Charlotte Lewis

Personal information
- Born: September 10, 1955 Peoria, Illinois, U.S.
- Died: September 17, 2007 (aged 52) Peoria, Illinois, U.S.
- Listed height: 6 ft 2 in (1.88 m)

Career information
- High school: Woodruff (Peoria, Illinois)
- College: Illinois State (1975–1978)
- Position: Center

Career history
- ?–?: Iowa Cornets

Career highlights
- Kodak All-American (1977);
- Stats at Basketball Reference

= Charlotte Lewis (basketball) =

American basketball player

Charlotte Lewis (September 10, 1955 – September 17, 2007) was an American basketball player who competed on the 1976 United States Olympic team.

== High school ==
Lewis attended Woodruff High School in 1974 but did not play basketball because the Peoria public schools did not yet offer a varsity basketball for females. Despite this lack of opportunity within the school, she played basketball on the playgrounds of Peoria, usually playing with boys. However, her ability came to the attention of Jill Hutchinson, who was working on building a program at Illinois State University.

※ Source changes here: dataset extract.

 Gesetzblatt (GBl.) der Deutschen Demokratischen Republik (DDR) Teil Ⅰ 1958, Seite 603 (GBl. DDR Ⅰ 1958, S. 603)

Lewis was invited to enroll at ISU to further her basketball career.

== College ==
While at ISU, Lewis help the Redbirds win four state championships. She set the record for most rebounds in a game (27) and in a season (345); records which are still school records as of 2017. Lewis earned a letter in each of her four years at Illinois state. In the 1976–77 season the team recorded a record of 20–6 which led to a national ranking, 11th in the AIAW. She was named a Kodak All-American in 1977 and listed as a finalist for the Wade Trophy (an award for the nation's top female athlete). Lewis's accomplishments led to her induction into the Missouri Valley Conference Hall of Fame in 2016.

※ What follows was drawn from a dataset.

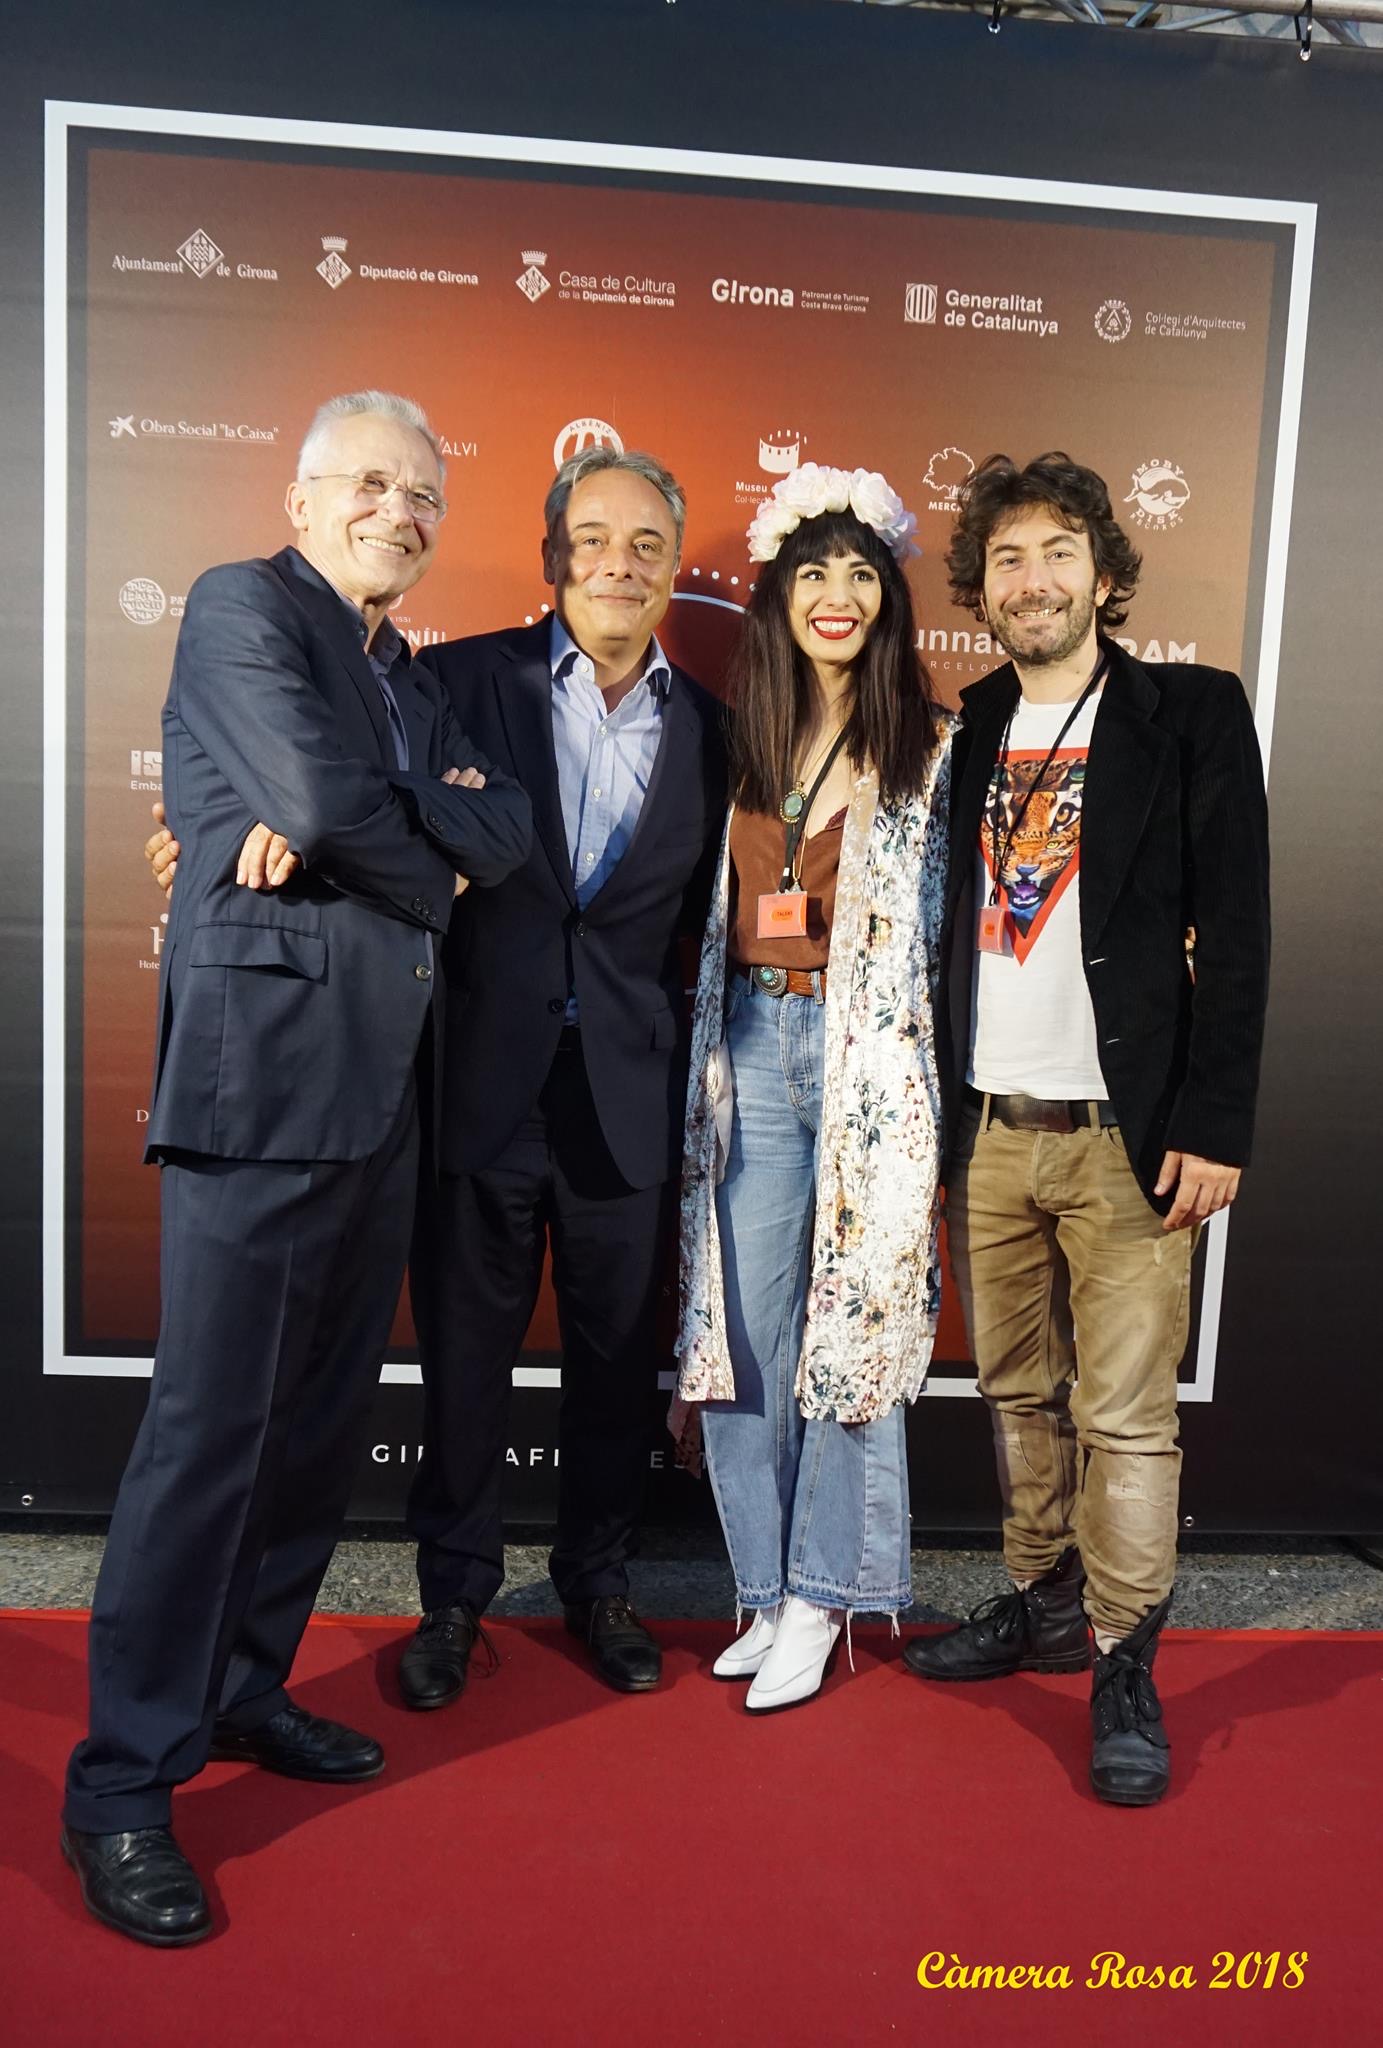 Cette photo a été prise à la soirée d'ouverture du Festival International du Cinéma de Girano, avec Lluis Valenti, et Carles Ribas, partenaire du festival

Lewis was also an accomplished long jumper and javelin thrower for the Illinois State Redbirds track and field team, placing 3rd in the nation in the long jump at the 1975 AIAW Outdoor Track and Field Championships.

==USA Basketball==
===Pan Am===
Lewis was named to the USA Basketball team roster. She would play for the team in the 1975 USA Women's Pan American Team. The games were originally planned for Santiago, Chile, then Sao Paulo, Brazil and finally held in Mexico City, Mexico in October. The Pan Am team had failed to win the gold in 1967 and 1971. This year, the team would be more successful, compiling a 7–0 record, and winning the gold medal for the first time since 1963.

===Olympics===
Lewis was named to the USA national team selected to play in the 1976 Olympics the first ever Olympic competition for a women's basketball team. While the team lost to the dominant Soviet Union team, they beat Czechoslovakia to win the silver medal.

==Professional career==
Lewis left school before graduating, and turned professional. She joined a professional team in France and played there for two years, before returning to the states and playing for the Iowa Cornets, a team in the Women's Professional Basketball League, the first professional basketball league for women in the US. While the story is certainly exaggerated, while playing for the Iowa team a Chicago sportswriter marveled at her strength, claiming that "when she spiked the ball in response to an officiating call, it took six seconds to return to the floor". The coach of the Cornets, Steve Kirk, ran a practice drill he called "War" which had exactly one rule— "anything goes". Lewis noted "he expected you to be able to make baskets when you are following and when you are filed. He expected you to be in that defensive position, to not let them go even when you are getting hit". After her pro career, she return to ISU and completed her degree.